FFCP 2016 – Dongju – The Portrait of a Poet de Lee Joon-ik: Total Eclipse

Posté le 19 novembre 2016 par

Après le remarquable Hope et l’acclamé The ThroneLee Joon-ik plonge dans une vision lyrique de l’histoire coréenne à travers les dernières années de la vie du poète Yun Dongju. Il nous offre un film épuré mais touchant.
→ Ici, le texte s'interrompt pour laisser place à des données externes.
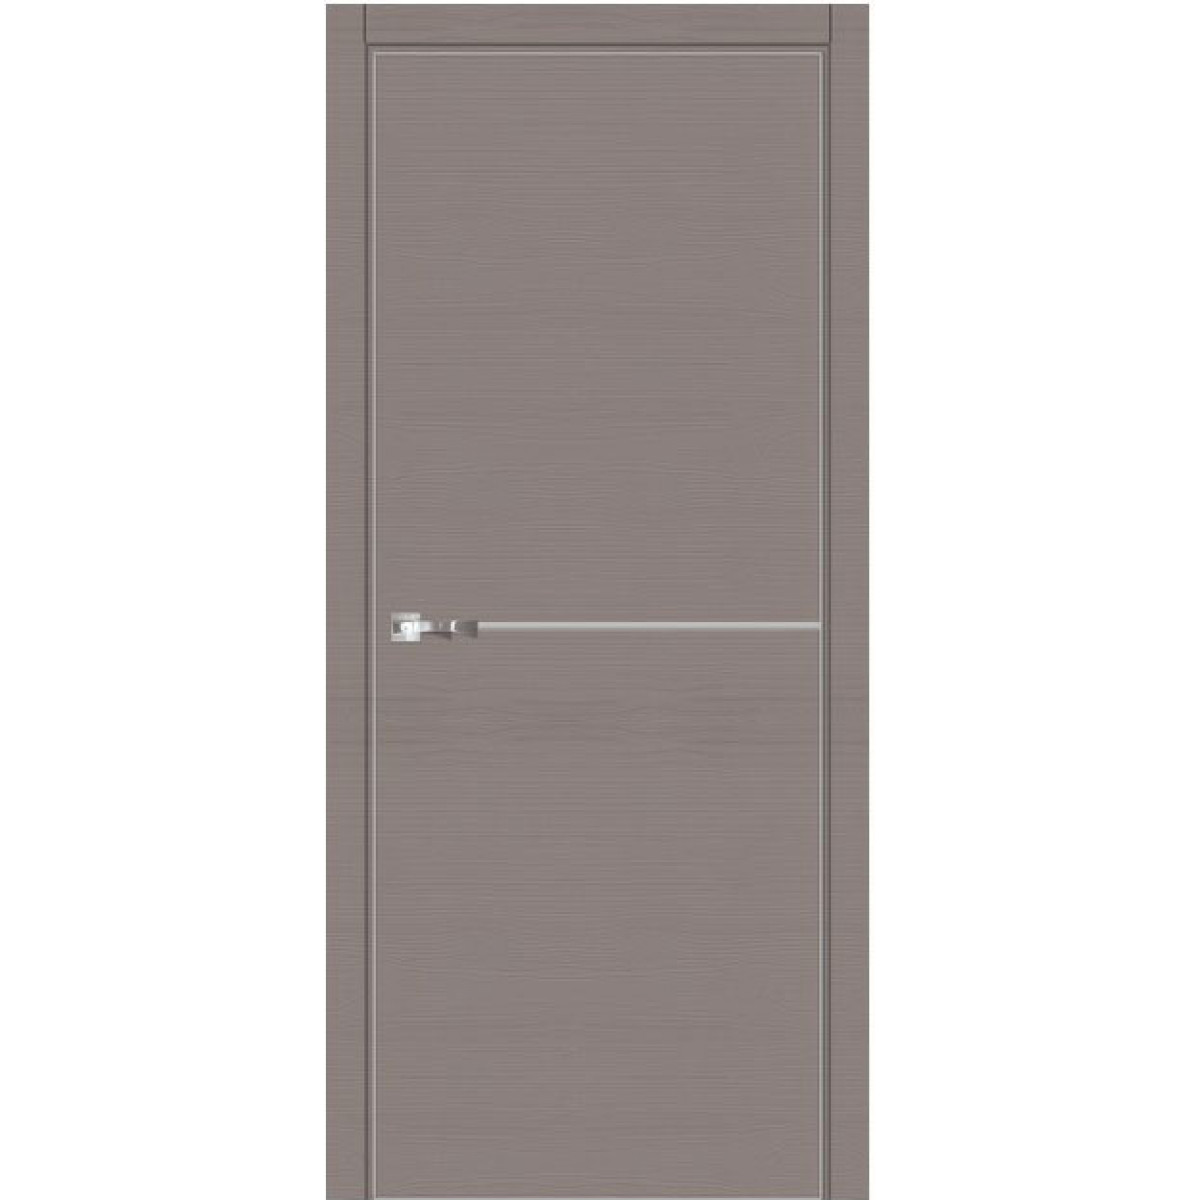 Межкомнатная дверь CL-04 Феникс

Yun Dongju est un célèbre poète coréen du XXème siècle. Il exerce toujours une fascination sur la jeunesse coréenne. Telle l’aura de nos poètes maudits, celle de Dongju est autant le résultat du contexte de la création de son œuvre que des péripéties intimes du poète qui lient la petite histoire à la grande. Le film montre la vie de l’artiste interprété par Kang Ha-neul (qui brillait l’année dernière dans la comédie Twenty), de son affirmation en tant que poète et son départ pour étudier à l’université jusqu’à sa mort au Japon en 1945. Cela aurait pu être un biopic misérabiliste et nationaliste dans le but de fournir le roman national coréen comme le font les blockbusters actuels, comme The Assassination ou The Age of Shadows, mais Lee Joon-ik permet au film de se distinguer en choisissant l’événement intime au détriment de la grandiloquence de l’histoire. Le film n’idéalise pas plus que la poésie de Dongju l’autorise. Il est même constamment contrasté par la présence d’un personnage qui incarne l’histoire en marche, son cousin Song Mong-gyu (Park Jung-min). Contrairement à Dongju, la présence de Song Mong-gyu ramène la politique et les événements historiques au sein du film. Ainsi, des flashbacks des actions de Song Mong-gyu à Shanghai ou de ses réunions révolutionnaires au Japon injectent au film la violence de l’époque que Dongju refuse d’affronter jusqu’à la subir, impuissant, dans le dernier quart du film.

dongju affiche

Le film se construit à travers ses deux incarnations de la poésie, l’une qui tente de changer le monde par les mots, l’autre qui veut détruire les maux par le changement du monde. Le film oppose une révolution interne et personnelle à une révolution collective, alors que les deux sont nécessairement politiques. Le choix du noir et blanc devient pertinent pour marquer cette opposition cruciale qui définit le parcours des deux personnages qui s’opposent autant qu’ils se complètent. Néanmoins, cette opposition et la violence de l’histoire n’étouffent pas le film dans le chaos et la complexité de la période car même si les deux visions coexistent, c’est celle de Dongju qui berce le film à travers un lyrisme et une épuration esthétique pertinente. Certes, les événements esthétiques ne sont pas légion, il faut l’apprécier comme un grand geste, comme un poème. Le film laisse vivre la poésie et la langue par la sobriété de la mise en scène, et par une prestance bienvenue des acteurs qui font vivre les langues plus qu’ils ne brillent à travers elle.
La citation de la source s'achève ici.